Our Team

CIPHER

J. Griffith Rollefson

Griff is a hip hop scholar and jazz bassist who serves as Professor of Music at University College Cork. Griff leads CIPHER and is founding co-editor of the journal Global Hip Hop Studies (with the University of Cape Town’s Adam Haupt). His books are 2017’s Flip The Script: European Hip Hop and the Politics of Postcoloniality (winner of the Society for Ethnomusicology’s Ruth Stone Book Prize) and 2021’s Critical Excess: Watch the Throne and the New Gilded Age

In addition to its musical power, Griff is interested in the mystical, metaphysical, and magical sides of hip hop knowledge.  He specializes in European and North American hip hop and his all-time top-three favorite tracks are: Black Sheep’s “The Choice is Yours”, Lauryn Hill’s “Everything is Everything,” and Roots Manuva’s “Colossal Insight”. 

Jason Ng

Jase is a bboy, beat-maker, videographer, researcher and general enthusiast of all things hip hop. Growing up in the breaking scene in Australia, he later moved onto video and music production, directing music videos for artists in Australia and Japan. He studied at Monash University where he did his PhD on Asia-Pacific hip hop exchanges and the cultural community leaders and intermediaries that connect the region. Offering a perspective from the cipher, Jase brings with him a practice-led collaborative approach to his research on everything from MPCs to footwork.

0phelia McCabe

0phelia is an underground hip hop MC, electronic music producer, improviser, poet, and educator known for her live performance quality. She has opened for and collaborated with a stream of national and international hip-hop artists since 1999 (Ice Cube, Tony Allen, Maverick Sabre, Sage Francis, Pharaohe Monch, De La Soul, and Ultramagnetic MCs among others). She has toured nationally and established meaningful creative bonds with hip hop artists all over Ireland. 0phelia has a Masters in music performance from C.I.T. Cork School of Music and has been facilitating youth expression through hip hop since 2007. 0phelia is fascinated by rhythm and freestyle, and is conducting research in ciphers across North America and Europe.

Janne Rantala

With the last decade living and doing research in southern Africa, Janne (@JanneRantala10) has passion for fieldwork, arts, perception and sound. His MSCA project is about Hip Hop’s performance of historical knowledge in three Mozambican cities: Beira, Chimoio and Maputo. Similarly to eclectic and omnivorous Hip Hop, Rantala likes to swim, dive in and sail on the ocean of music, and literature. Recently he has been busy to process this type of navigations into methodological paper in collaboration with Chimoio producer IMBLGK. Personally Rantala loves to pay attention to seemingly insignificant details, which at times transform something out-standing as in baroque composition, or Mozambican Hip Hop instrumental.
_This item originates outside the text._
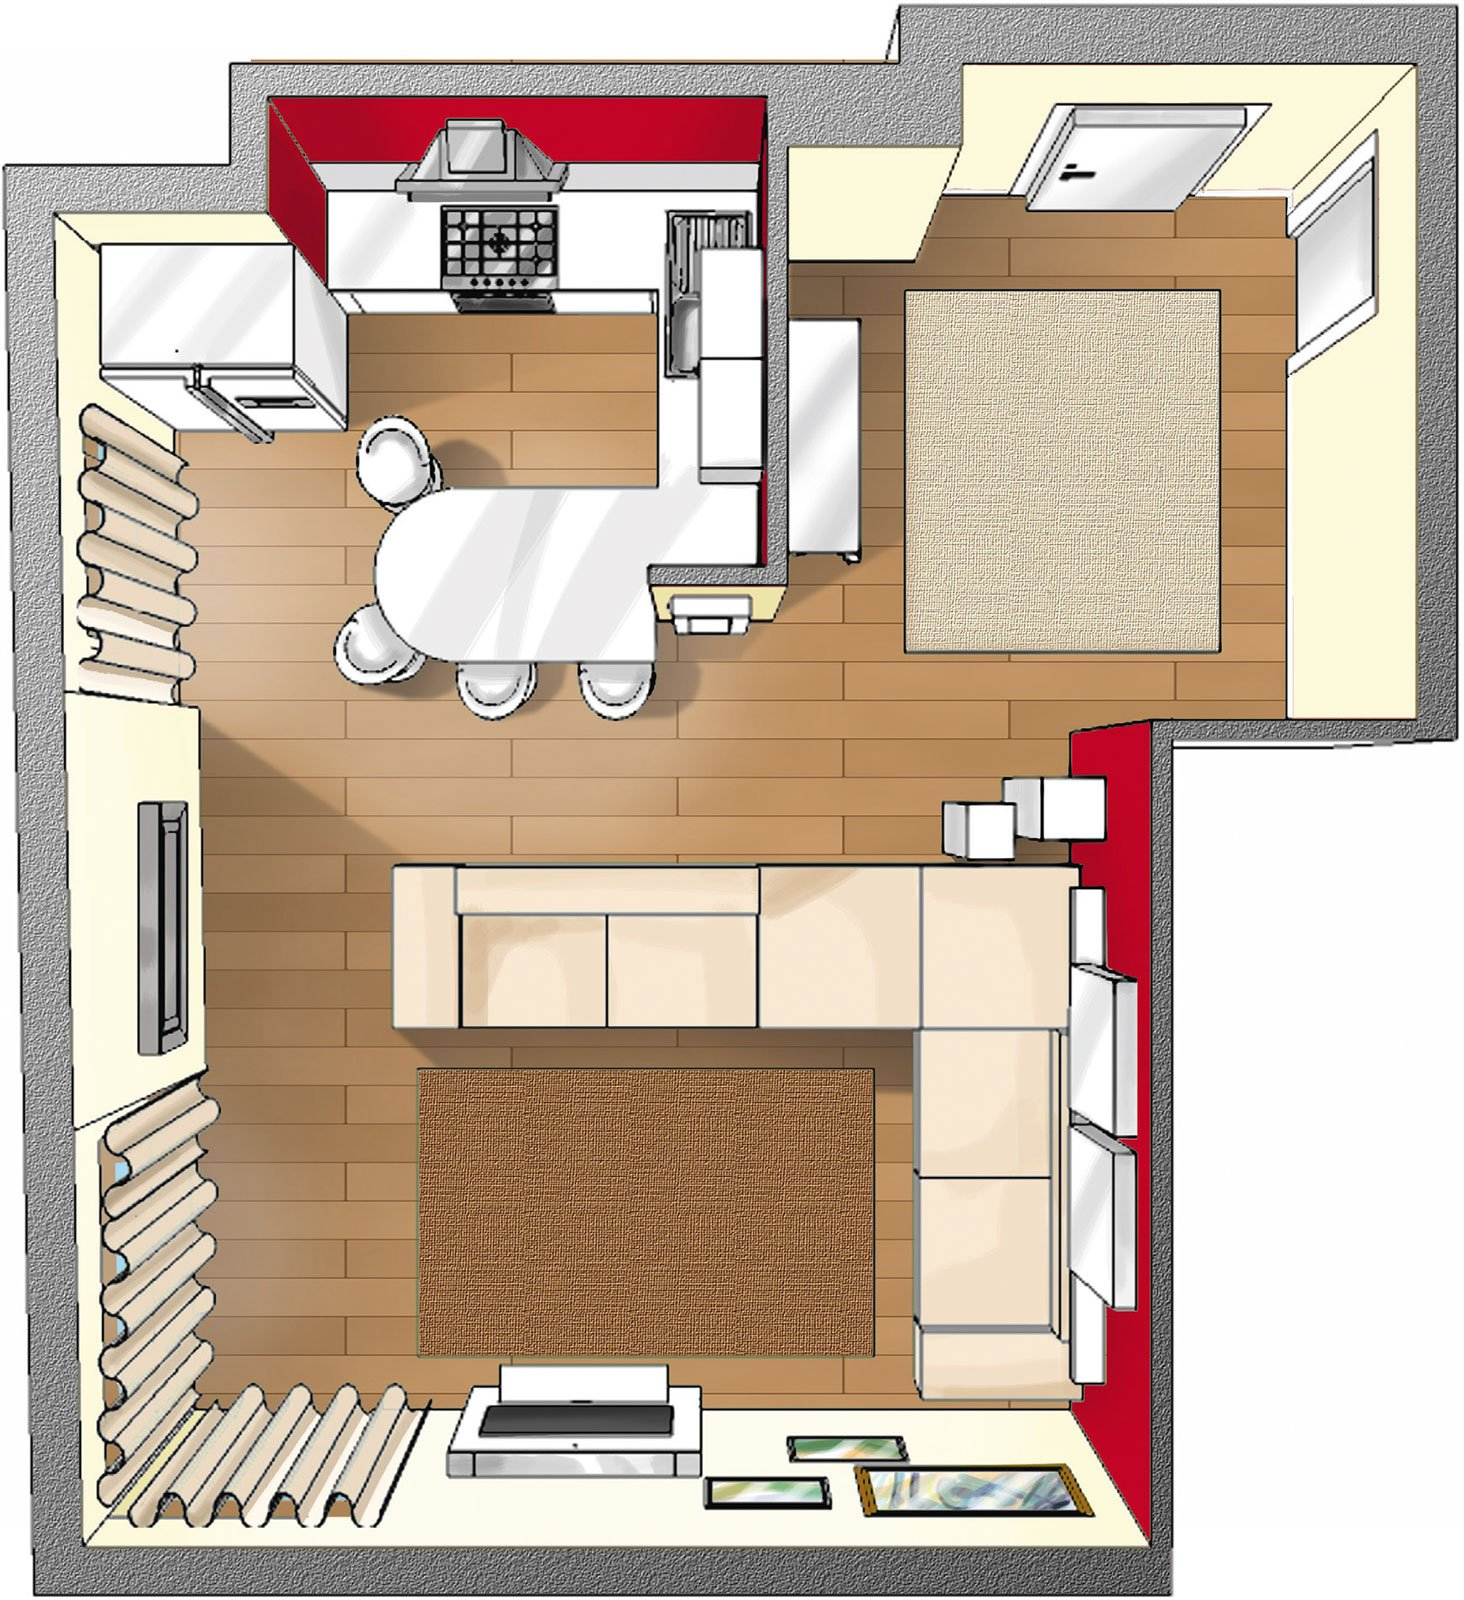 Ingresso aperto sul soggiorno idee da copiare cose di casa - Idee da copiare per arredare casa ...

His research methodology has a combination of continuous conversations with Hip Hop heads as fellow postcolonial intellectuals and popular historians, and multi-layered listening to their rap performance linked to several types of readings. He is a scientific coordinator of Bloco 4 Foundation, an amateur radio feature maker and a member of the first 5-continental Hip Hop collective in history, Interligados (@INTERLIGADOSss). Drawing from decolonial reading of Victor Turner’s writings about liminality, he designed a general theme for the group’s hit track ‘O Poder dos Fracos’ (Power of the Weak). It gave the name to the group’s debut album.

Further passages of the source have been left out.